Our team works closely with our clients’ in-house counsel and HR professionals to:
- perform due-diligence checks on prospective employees to determine whether they are bound by restrictive covenants or non-compete agreements with former employers
- determine if candidates possess trade secrets from their previous employers that might preclude their hiring and develop strategies to contain the improper use of confidential information
- ensure that new hires sign appropriate restrictive covenants, non-compete agreements, intellectual property assignment agreements and/or confidentiality agreements controlling post-employment restrictions and obligations
- educate new employees about how to protect confidential information and trade secrets
Our attorneys regularly assist multi-state organizations with voluntary and involuntary severance plans and arrangements, early retirement offers and other employment reorganization projects. We understand the federal and state-specific considerations, such as the various WARN Act and age discrimination requirements. Our attorneys often assist in preparing communication materials to deliver the relevant information clearly with due consideration to employee concerns. We also maintain the most current waiver and release agreements to keep up with ever changing state discrimination laws.
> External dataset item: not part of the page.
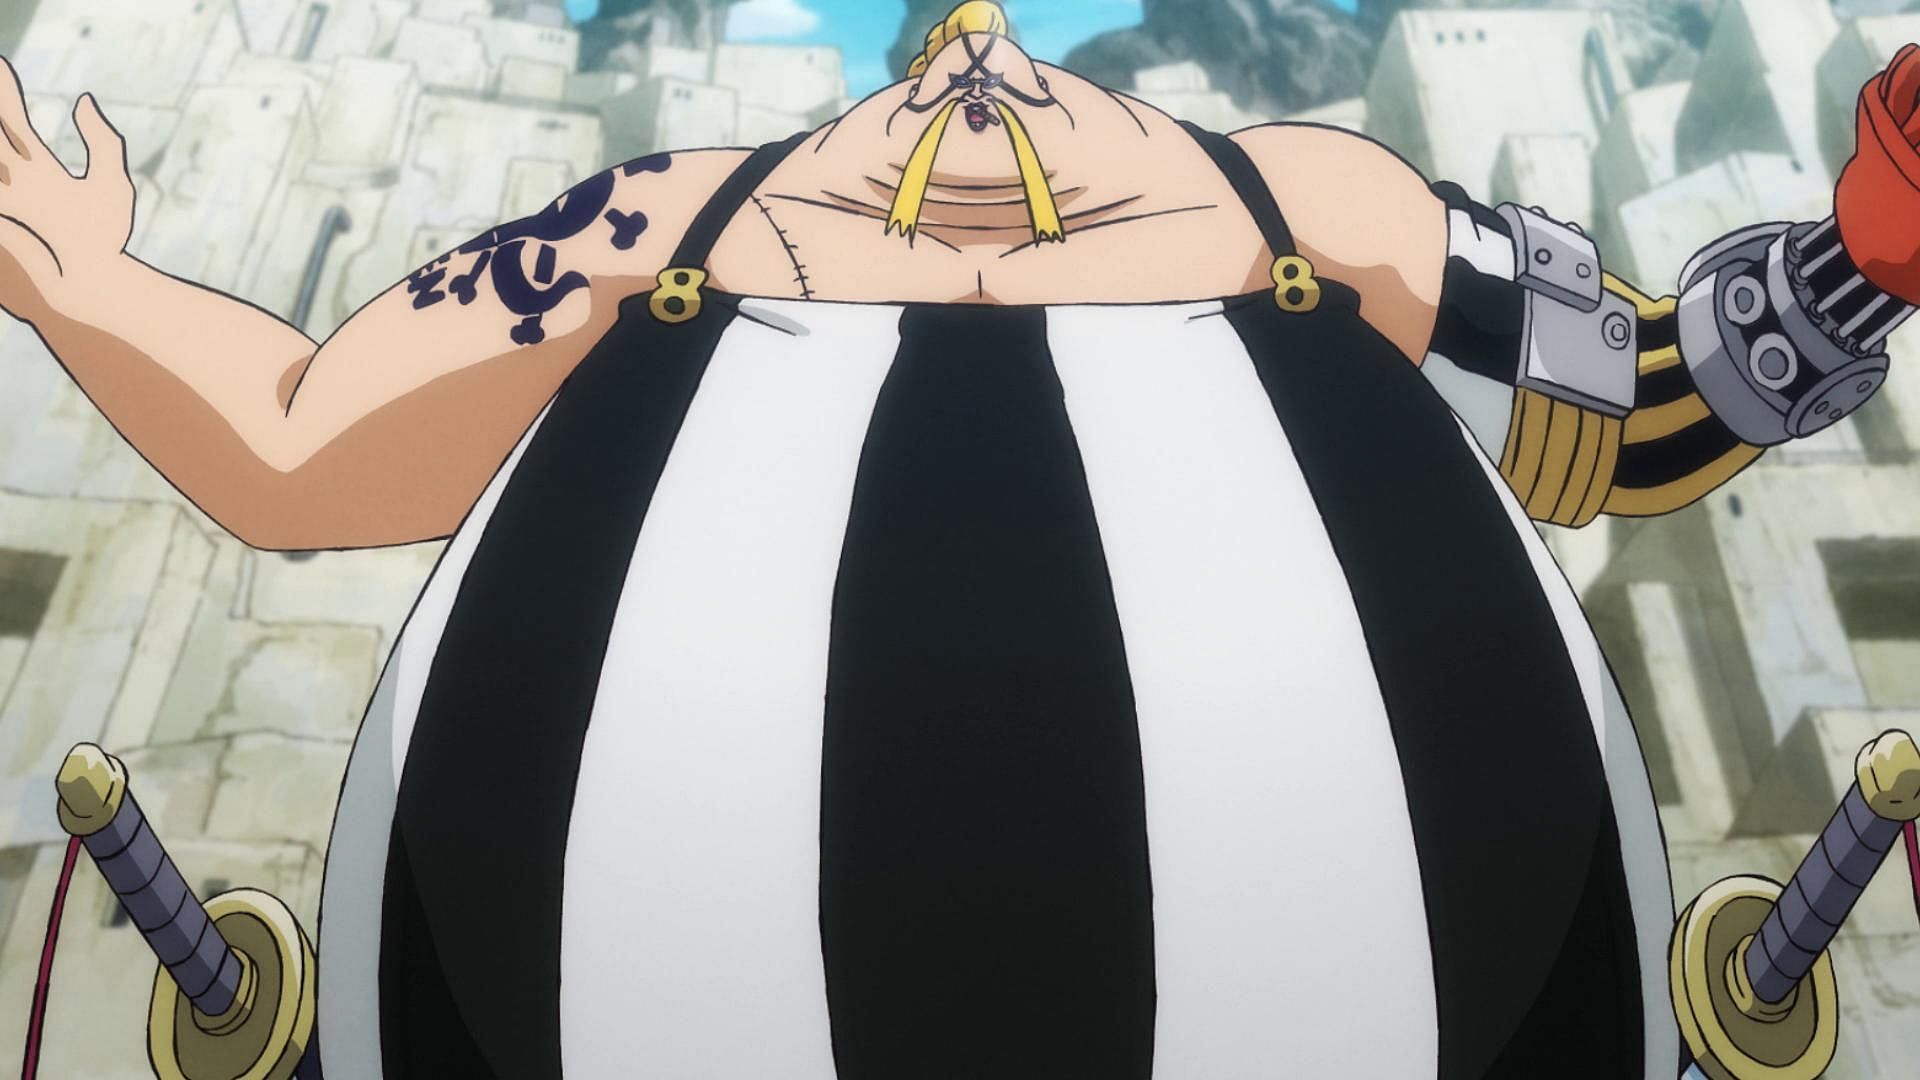 Queen as seen in the One Piece anime (Image via Toei Animation)

Seyfarth has many years of experience in the design, operation, and fiduciary issues associated with all types of defined contribution plans, including 403(b) plans. We understand that 403(b) plans have become the driving tool for providing retirement income to employees. Moreover, our team’s wide-ranging experience with 403(b) plans stands out among its competitors. The following list highlights some of the key areas of our expertise with 403(b) plans:
Plan design can greatly impact a company’s budget, compliance risk, and business practices. We work with our healthcare clients in the design and implementation of plan features constructed to:
- reduce administrative burdens and costs
- coordinate with other existing or terminating retirement arrangements
- increase participation and contribution rates
- address non-discrimination testing risks
- comply with new legislative and regulatory requirements, including the Pension Protection Act of 2006, the HEART Act and recent Code Section 415 regulations
Our attorneys strive to find ways to either consolidate annuity contract vendors by moving plan assets, or alternatively utilize the “orphan contract rule” (i.e., treat certain annuity contracts as outside the 403(b) plan beginning on January 1, 2009) which the DOL made available under FAB 2009-02.
We have assisted many hospital systems in addressing 403(b) issues arising from merger, acquisition, divestiture, and other corporate transactions. This type of work may include plan mergers, terminations and spin-offs.
We have assisted many tax-exempt organizations in utilizing the new provision available under the final 403(b) regulations which permit an organization to finally terminate an inactive 403(b) plan.
We also have assisted clients in the design and implementation of informative participant communication programs for their 403(b) plans with more “user friendly” disclosures and processes. This helps streamline delivery and reduce confusion among participants.
Mistakes happen, and we have extensive experience in making self-corrections or corrective filings under the IRS and DOL correction programs.